Of course, the first step is to replicate the simple simulation.

Simulation

# Sample from independent uniform U(0,1) distributions and stop when the sum
# is greater than 1. Let N be that first sum. Then E[N] = e

sim_sum <- function(t = 1) {
  s_n <- 0
  n <- 0
  while(s_n < 1) {
    s_n <- s_n + runif(1)
    n <- n + 1
  }
  c(n = n, s_n = s_n)
}


reps <- 1e4
N_sim <- data.frame(t(replicate(reps, sim_sum())))
N_sim_table <- table(N_sim$n)
N_sim_prob <- N_sim_table / reps

K <- as.numeric(names(N_sim_table))

mean_N <- mean(N_sim$n)
plot(K, N_sim_prob, type = 'b', ylim = c(0, 1), ylab = 'P(N = n)', xlab = 'N')
abline(v = mean_N, lty = 2)
text(x = mean_N + 1, y = 0.75, sprintf('Mean(n) = %.03f', mean_N))

Proof

The idea of the proof is to directly solve:

\[ E[n] = \sum_{n = 1}^\infty n \cdot P(N = n) \]

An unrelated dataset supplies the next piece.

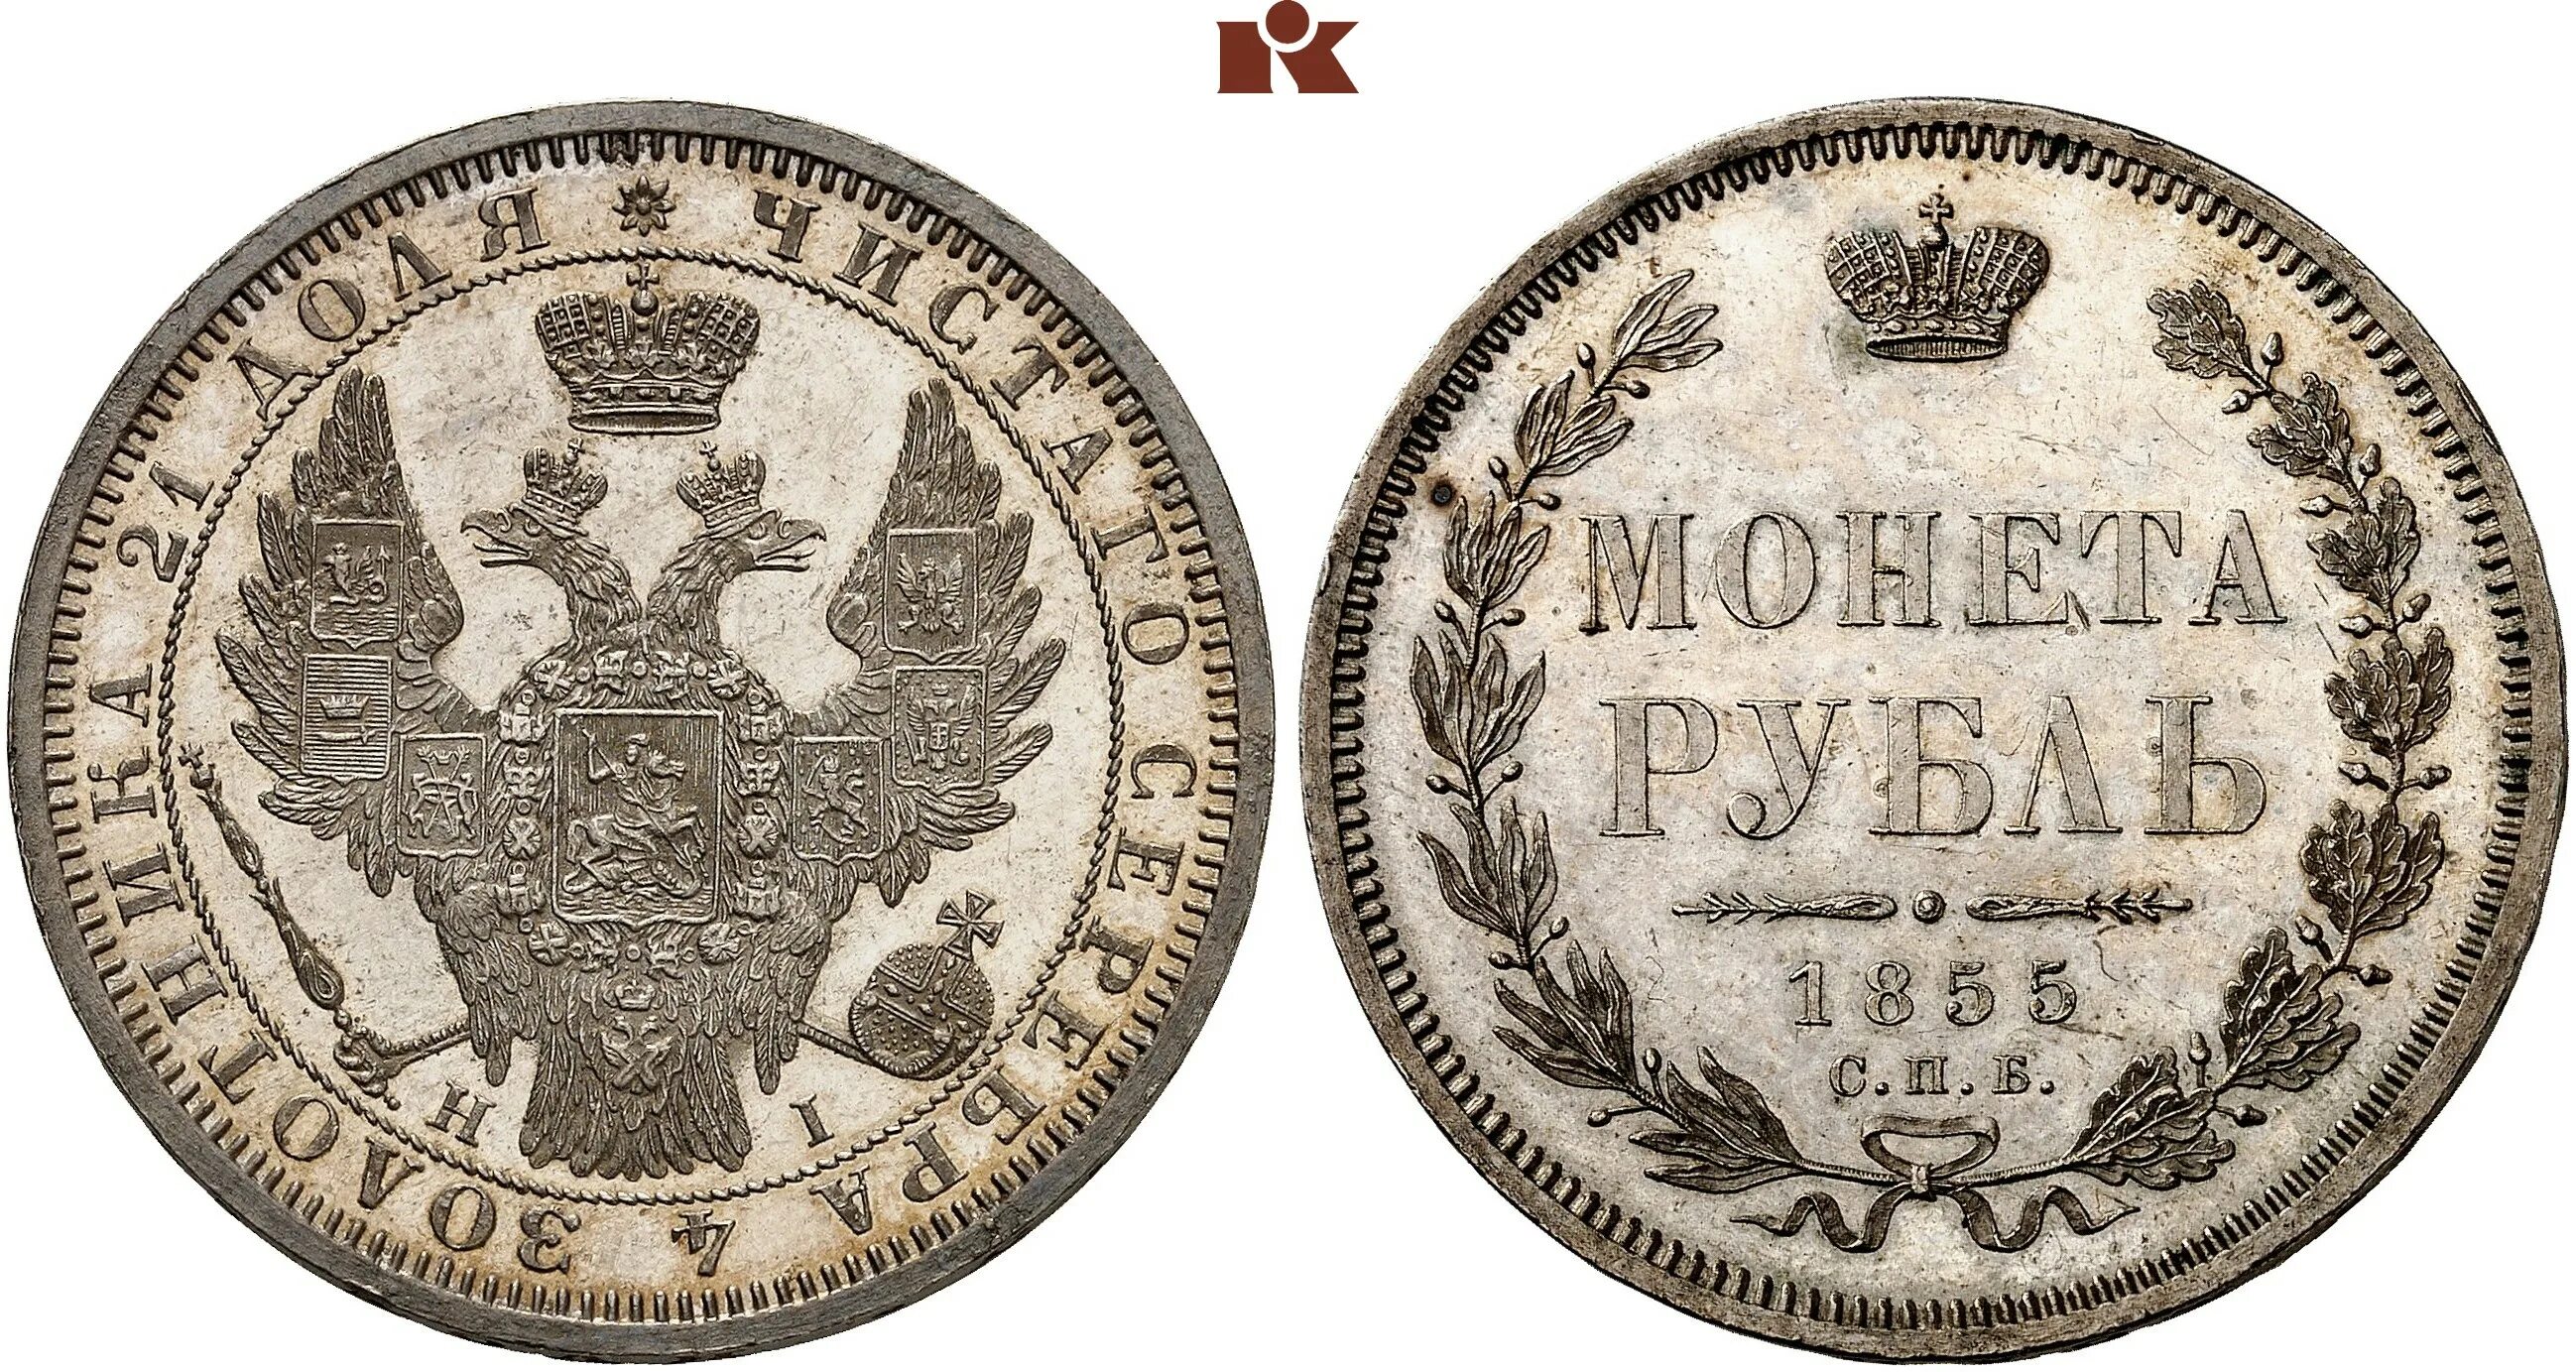 5 рублей серебром. Монета рубль 1856.

So we need to calculate, \(P(N = n)\). This is the same as, \(P(S_{n - 1} \leq 1 \text{ and } S_n > 1)\). If we calculate \(P(S_n \leq x) = F_{S_n}(x)\) we can complete the proof.

\(P(S_n \leq x)\)

Using the proof from this answer on math.stackexchange,

when \(x \in [0,1]\), claim is that \(P(S_n \leq t) = \frac{x^n}{n!}\). When \(n = 1\), then \(P(S_1 \leq t) = P(U_1 \leq t) = t\). Assume true for \(n\). Then,

\[ \begin{aligned} P(S_{n + 1} \leq x) &= P(S_n + U_{n + 1} \leq t)\\ &= \int_0^1 P(S_n + u \leq t) \underbrace{f(u)}_{1} ~du && S_n \text{ and } U_{n + 1} \text{ independent}\\ &= \int_0^1 P(S_n \leq t - u) ~du\\ &= \int_0^t \underbrace{P(S_n \leq t - u)}_{\text{Induction Hypothesis}} ~du && \text{Since } P(S_n \leq t - u) = 0 \text{ when } u \in [t, 1]\\ &= \int_0^t \frac{(t - u)^n}{n!} ~du \\ &= \frac{1}{n!} \left( \frac{-1}{n + 1} (t - u)^{n + 1}\Big|^{u = t}_{u = 0} \right)\\ &= \frac{t^{n + 1}}{(n + 1)!} \end{aligned} \]

PMF of \(S_n\)

Since \(F_{S_n}(x) = \frac{x^n}{n!}\) we have \[ \begin{aligned} f_{S_n}(x) &= \frac{dF_{S_n}}{dx}\\ &= n \frac{x^{n - 1}}{n!} \end{aligned} \]

\(P(N = n)\)

\[ \begin{aligned} P(N = n) &= P(S_{n - 1} \leq 1 \text{ and } S_n > 1)\\ &= P(S_n > 1 | S_{n - 1} \leq 1) P(S_{n - 1} \leq 1)\\ &= \int_0^1 P(U_n + x > 1 | S_{n - 1} = x \leq 1) \underbrace{P(s \leq 1 | S_{n - 1} = s)}_{1} f_{S_{n - 1}}(x)~dx\\ &= \int_0^1 P(U_n + x > 1)~f_{S_{n - 1}}(x)~dx && U_n \text{ and } S_{n - 1} \text{ independent}\\ &= \int_0^1 (1 - F_n(1 - x))~f_{S_{n - 1}}(x)~dx\\ &= \int_0^1 x (n - 1)\frac{x^{n - 2}}{(n - 1)!}~dx\\ &= \frac{n - 1}{(n - 1)!} \int_0^1 x^{n - 1}~dx\\ &= \frac{n - 1}{n (n - 1)!} = \frac{n - 1}{n!} \end{aligned} \]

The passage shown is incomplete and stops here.